With oil prices exceeding the threshold of $90 per barrel, in recent weeks, estimates indicated the possibility of achieving triple digits, reaching $100 before the end of the current year 2023. However, contrary to those expectations, oil markets suffered their largest loss since March last week. , depending on many influencing factors.
Over the past week, Brent recorded a decline of about 11 percent, and West Texas Intermediate crude by more than 8 percent, amid fears that high interest rates will slow global growth and harm fuel demand, even with declining supplies from Saudi Arabia and Russia, which announced continued production cuts. Until the end of the year.
Analysts' estimates vary between expectations of touching triple digits after exceeding the speculation that the markets witnessed recently, which led to the market's decline, and expectations of stability at the current level or perhaps further declines in light of the pressures affecting the global economic scene, which in turn affect the growth of demand, and in a parallel line with the indicators that... Reflects the continued tightening of monetary policy in light of current inflationary pressures.
Between the bets of speculators on the rise and fall, the question that imposes itself on the markets now is: After the significant declines in oil prices... has reaching the $100 level this year become unlikely?
Worst performance since last March
The economic researcher specializing in oil affairs, Amer Al-Shobaki, says in exclusive statements to the Sky News Arabia website that last week was the worst for oil markets since last March, after prices fell by 11 percent, indicating that this is a major loss, which had its reasons. The most important of these reasons is speculation in the markets.
He added: Speculation comes due to fears related to the global economy, with the continued high interest rates by the US Federal Reserve and other central banks... in addition to the rise in the price of the dollar, as well as reports that indicated that Russia may resume exporting diesel and gasoline... All of these were reasons that led To speculation that led to a decline in prices.
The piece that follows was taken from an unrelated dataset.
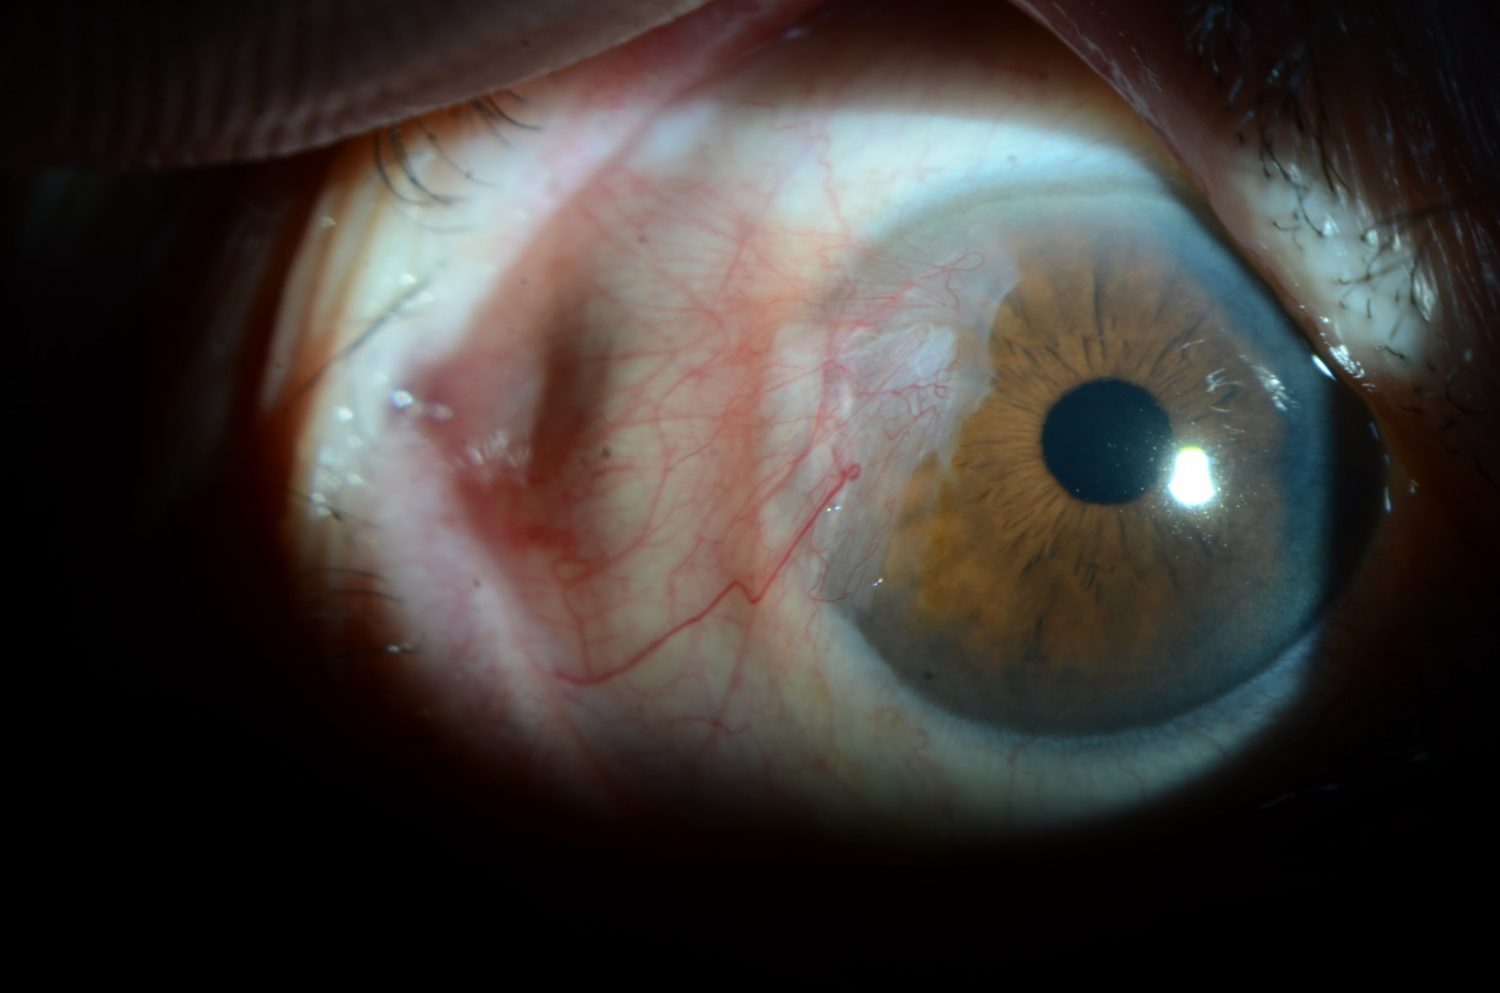 Temporal pterygium growing over the cornea. This has followed after having cataract surgery.
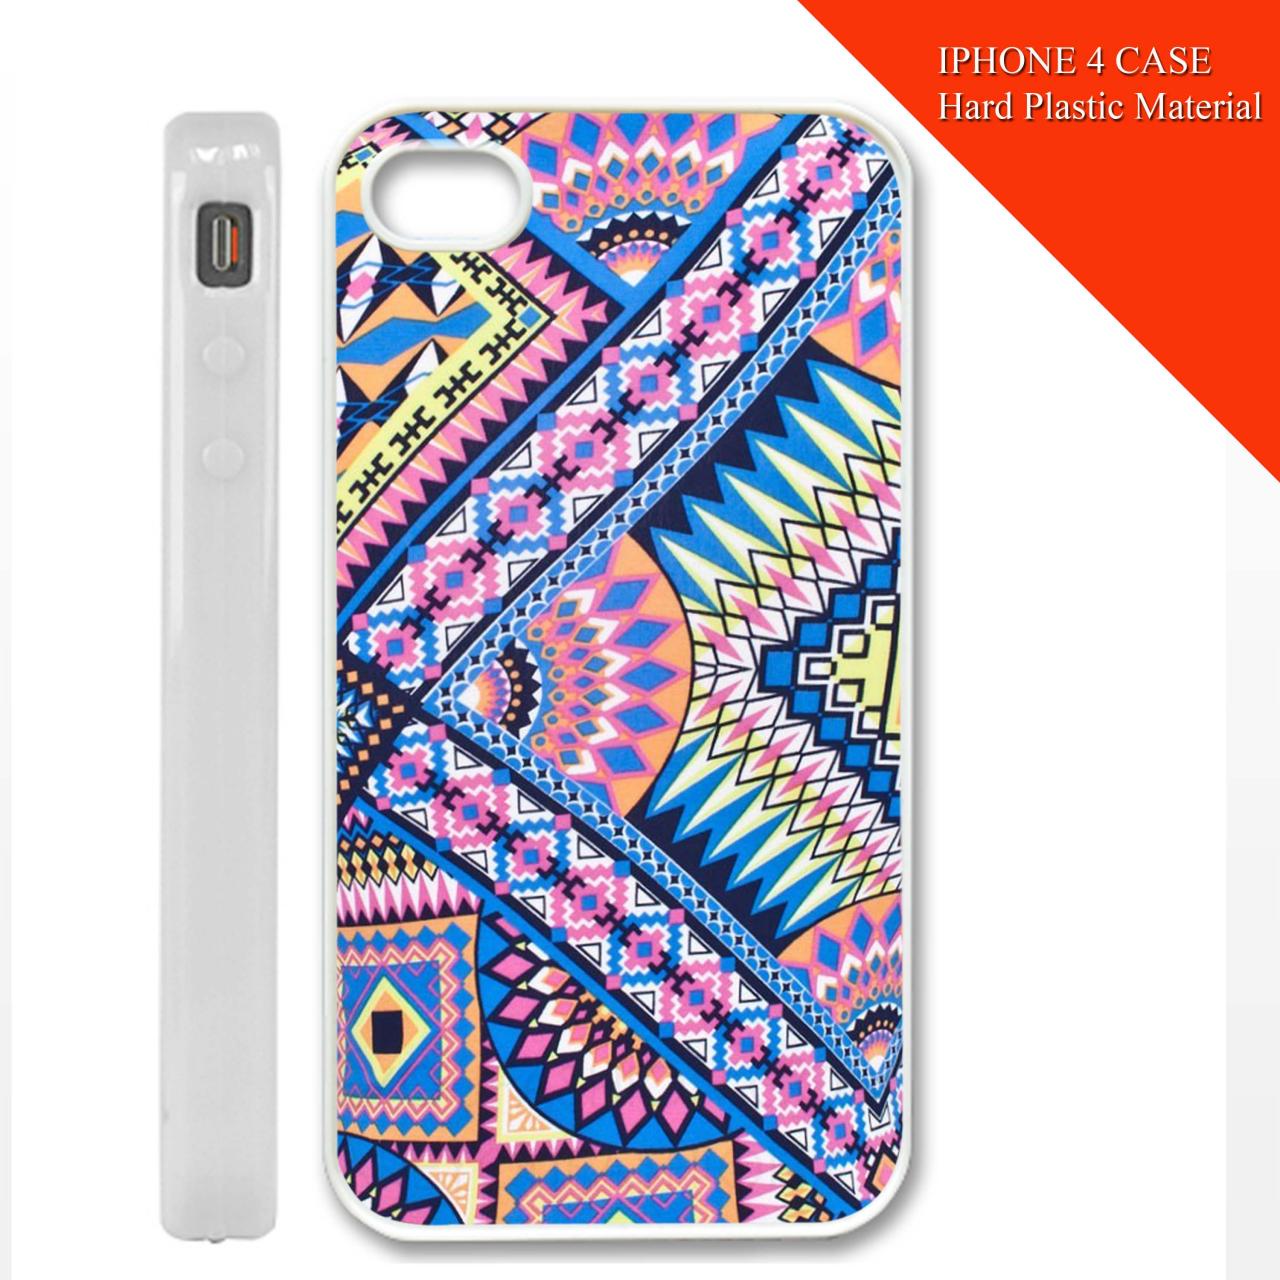 Astec 10 For Iphone 4/4s,5,samsung Galaxy S2 I9100,s4 I9500,galaxy S3 I9300 Case

Russia announced that it had lifted its ban on diesel exports for supplies delivered to ports via pipelines. Companies must still sell at least 50 percent of their diesel production to the local market.
But he believes that the picture may be different in the coming weeks. He explained that among the reasons and frustrating feelings in the oil markets was the decline in demand for gasoline, and this was due to the floods that New York witnessed, which paralyzed transportation and affected demand, which led to an increase in stocks of approximately six million barrels.
He continues: Now this is not a long-term matter, because transportation traffic will inevitably return, and there is an additional demand for fuel next winter, whether gasoline or diesel.
Al-Shoubaki stresses that the OPEC Plus cuts are the decisive factor in determining oil prices, as the market is still tight, and OPEC Plus, as a group of its countries, is still withholding from the markets 5 percent of production, with a total of approximately 4.9 million barrels, divided by 1.3 million barrels as a voluntary reduction from Saudi Arabia and Russia, and 2 million barrels agreed upon from OPEC Plus countries, in addition to 1.6 million voluntary cuts from 8 or 9 OPEC Plus countries.
Also, market sentiment in China is heading to improve with the improvement of some economic data in Beijing, given that China is a major driver of demand for oil, and constitutes half of the growth in demand. Therefore, these matters combined with the lack of supplies in the markets on the part of OPEC, would lead to... Prices will balance again in the coming weeks, and therefore the opportunity for prices to reach the $100 per barrel level in the coming weeks has not passed, according to Al-Shobaki.
Reports of strong Chinese travel activity have provided a price floor for the time being. China's mid-autumn and National Day holiday travel trips rose 71.3 percent year on year and 4.1 percent compared to 2019 to 826 million trips, according to Xinhua News Agency.
Al-Shoubaki bases his aforementioned estimates by saying: This is if there are no additional supplies from the United States or other countries... Oil production in America has reached the second highest historical level at 13 million barrels per day... In addition to the Iraqi oil pipeline between Kirkuk and the Turkish port of Ceyhan. Pumping may resume next week, according to Turkish reports. These matters require time, from the end of October and the beginning of November, for the extent of the impact of supply in the markets on prices to become clear.
The economic researcher specializing in oil affairs concludes his speech by pointing out that the level of $100 per barrel is still close with the growth of global demand for oil.